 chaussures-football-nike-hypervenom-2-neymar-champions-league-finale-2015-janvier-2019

+++++

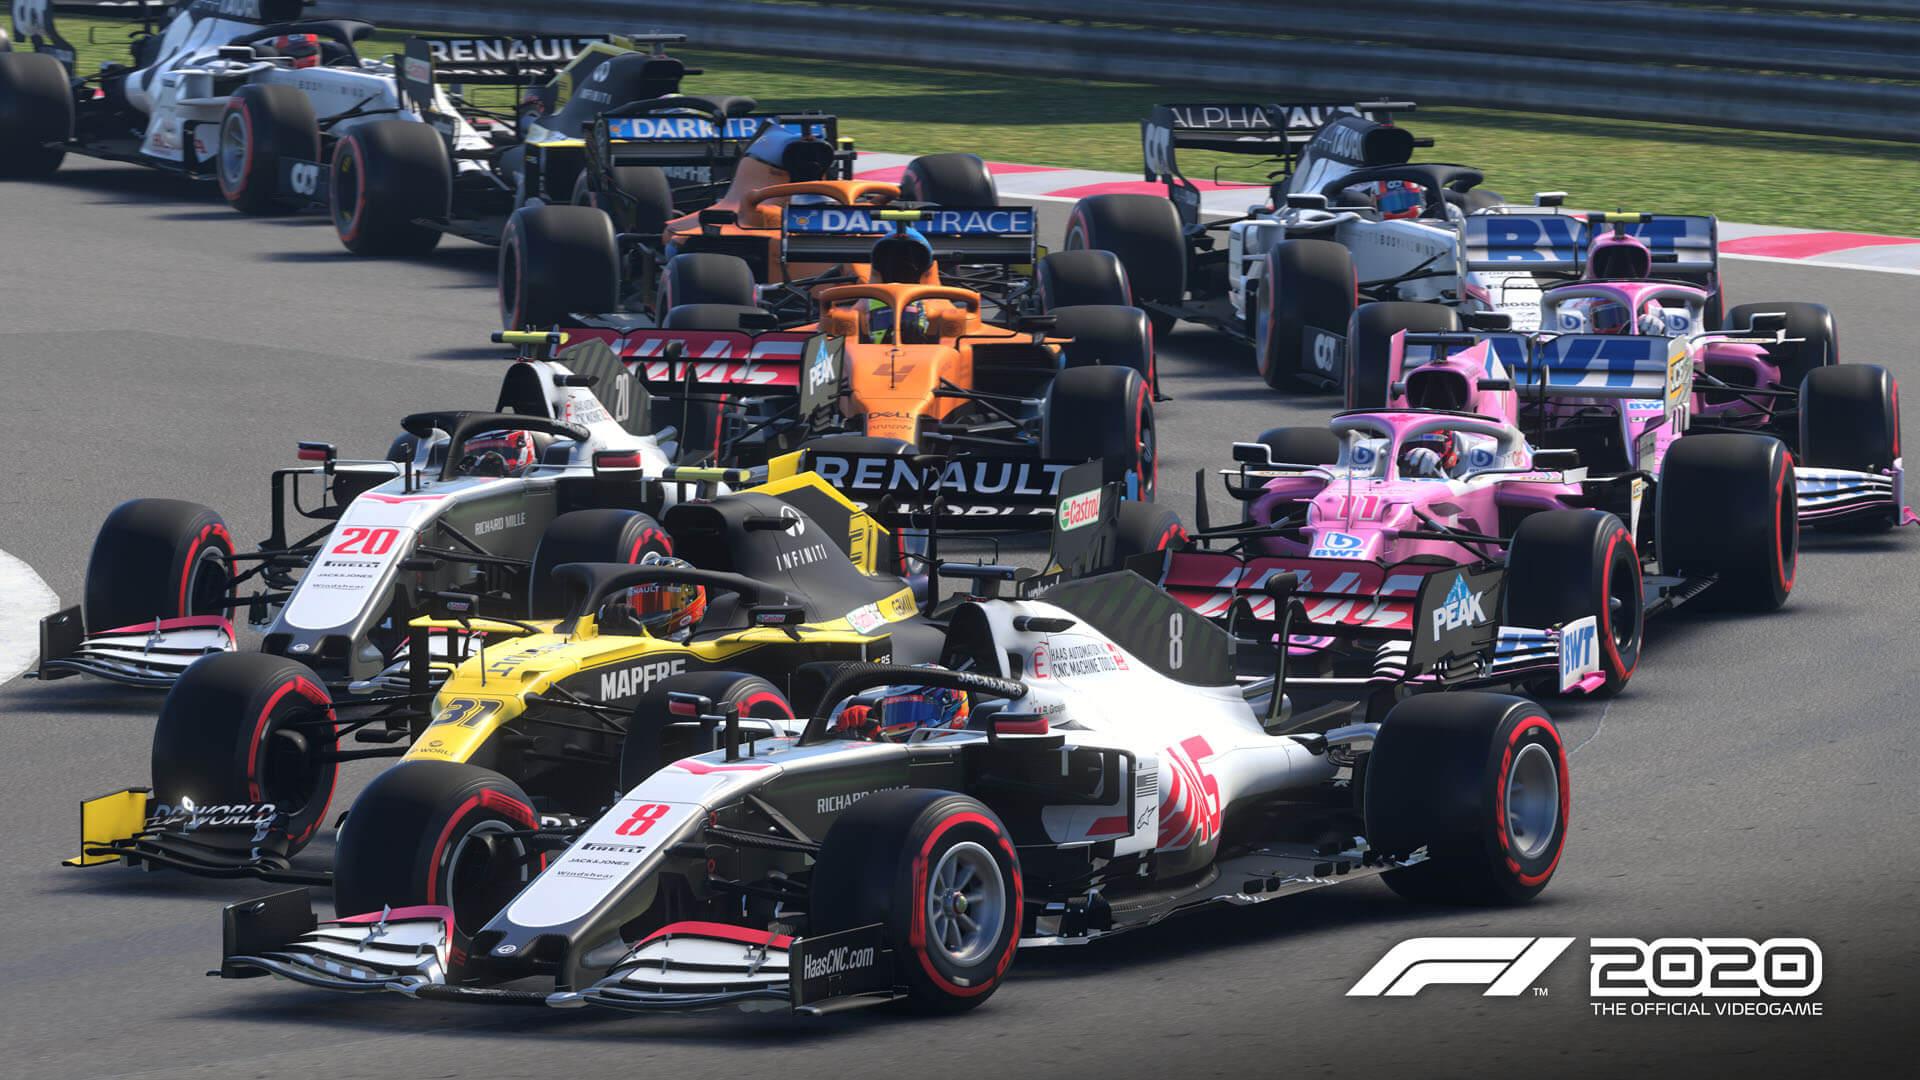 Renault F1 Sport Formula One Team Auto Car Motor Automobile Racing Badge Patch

+++++

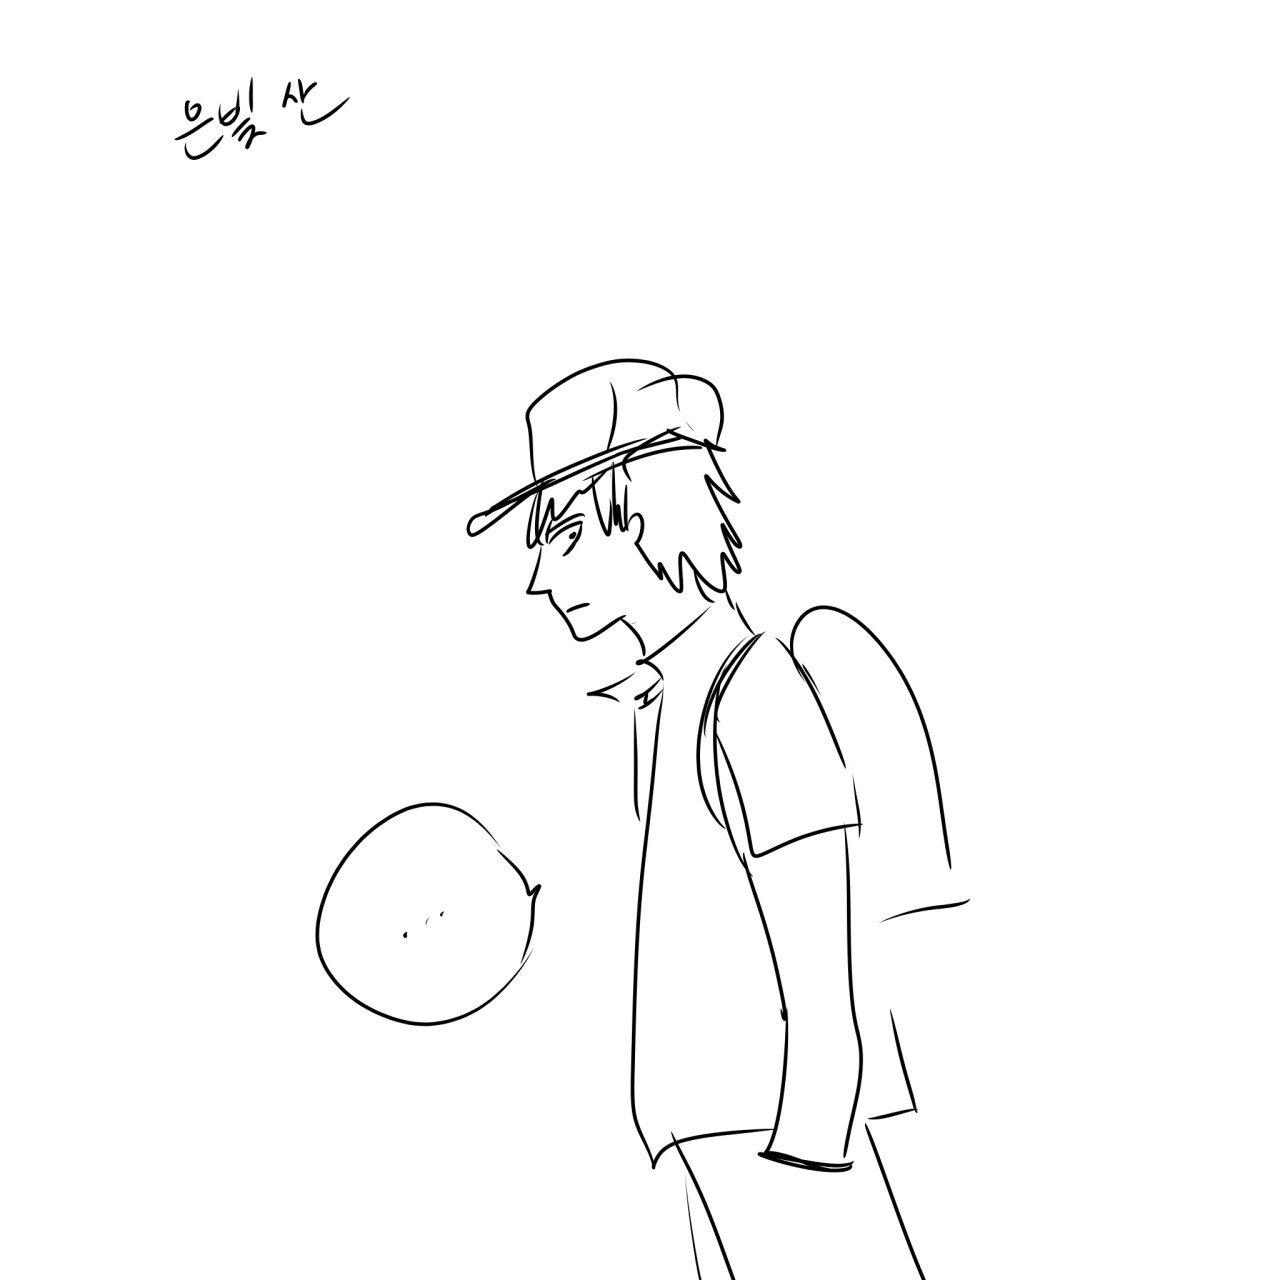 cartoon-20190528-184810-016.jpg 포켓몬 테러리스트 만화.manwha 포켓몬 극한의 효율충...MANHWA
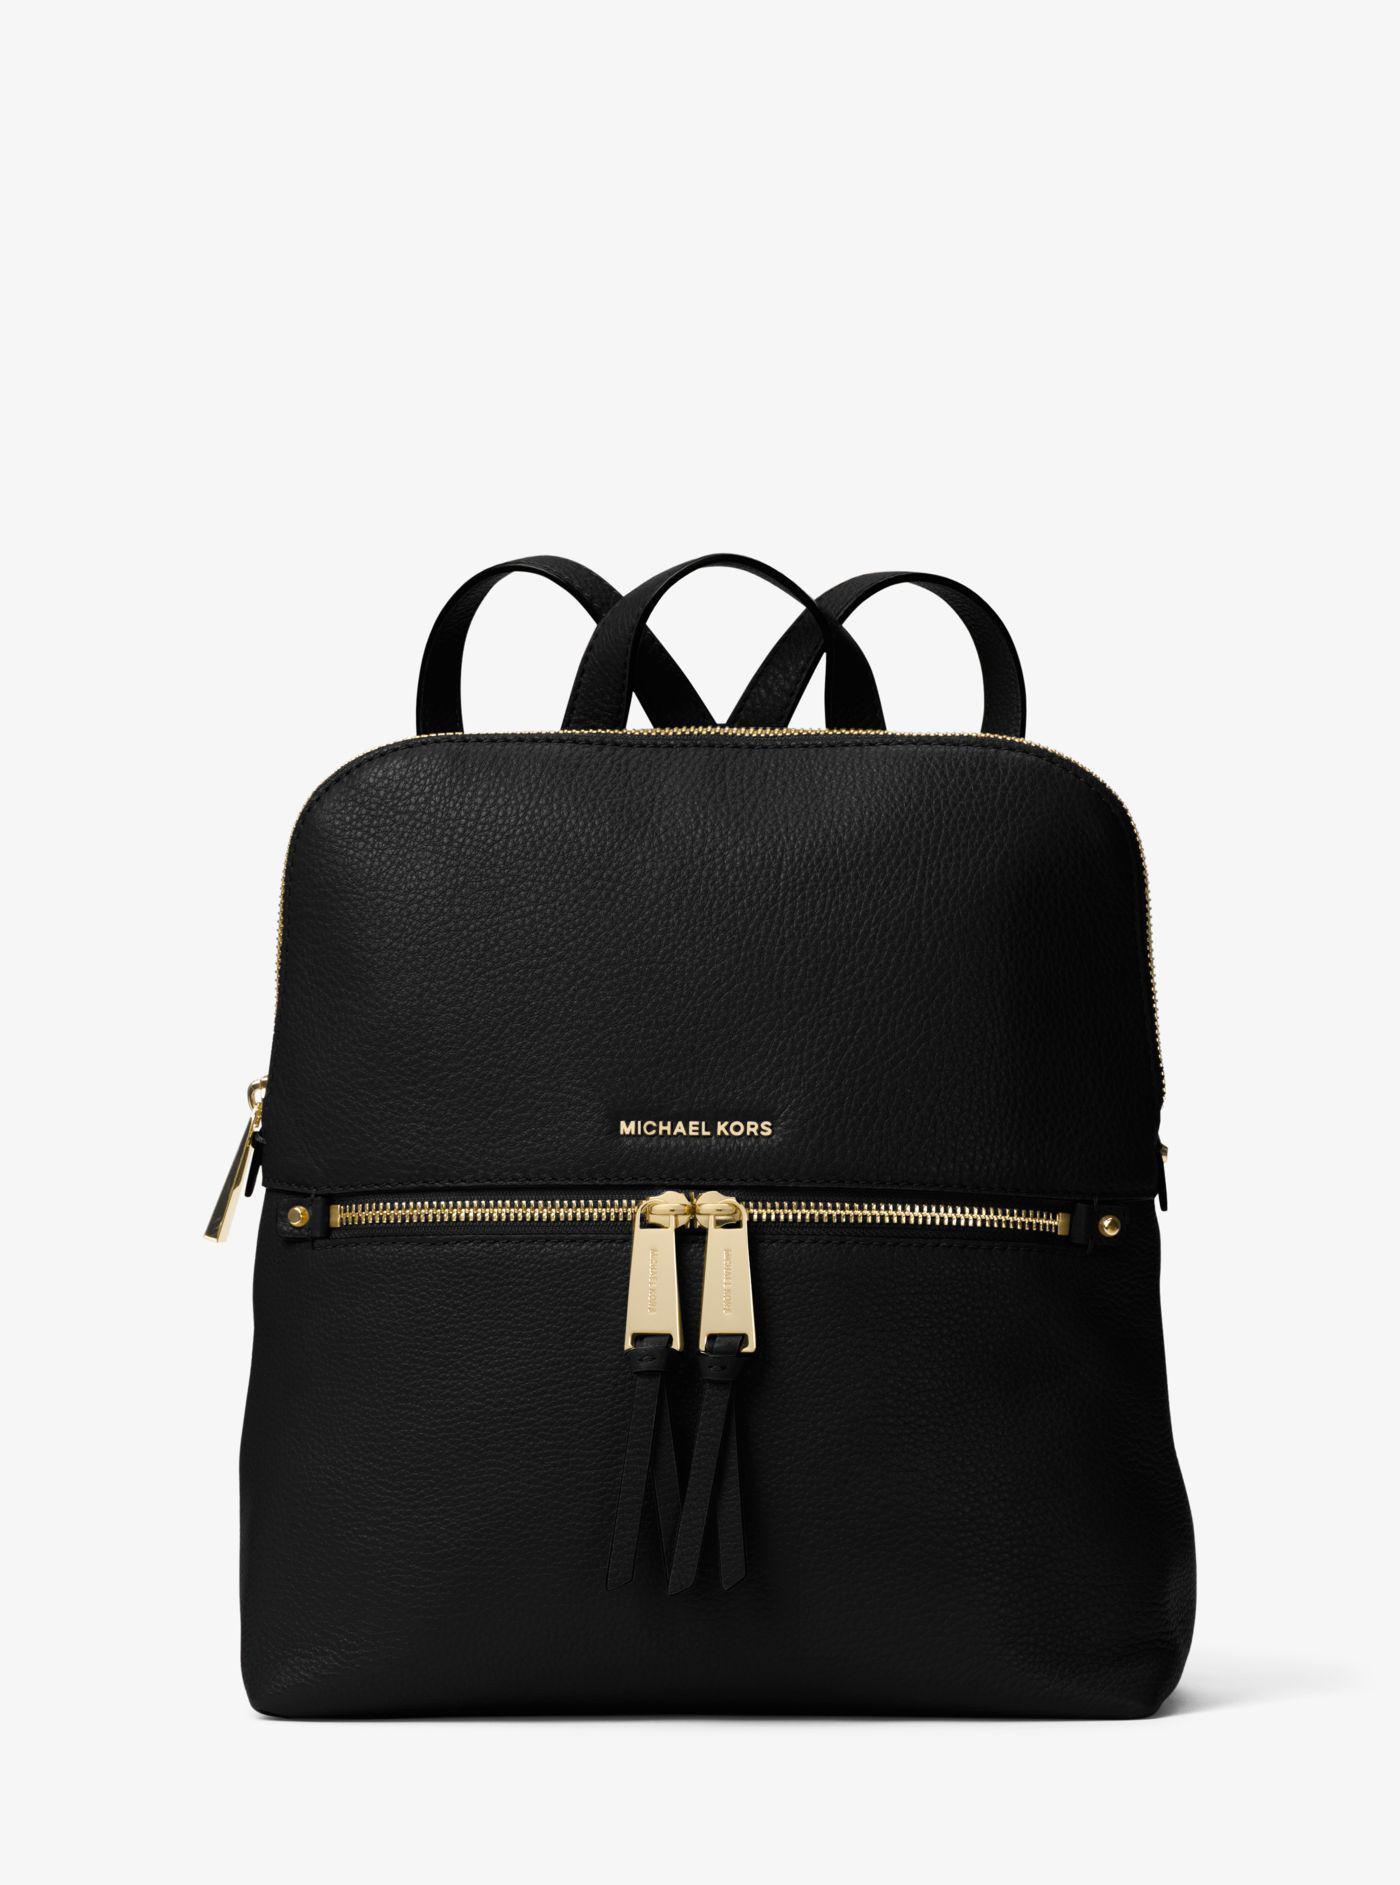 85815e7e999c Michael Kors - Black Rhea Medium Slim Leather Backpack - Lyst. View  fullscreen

+++++

WHAT TO PRODUCE: Reproduce the records above exactly, but only from the line with "cartoon-20190528-184810-016.jpg 포켓몬 테러리스트" up to and including the line with "85815e7e999c Michael Kors". Leave the pictures out.

ANSWER FOR THE TASK:
 cartoon-20190528-184810-016.jpg 포켓몬 테러리스트 만화.manwha 포켓몬 극한의 효율충...MANHWA
 85815e7e999c Michael Kors - Black Rhea Medium Slim Leather Backpack - Lyst. View  fullscreen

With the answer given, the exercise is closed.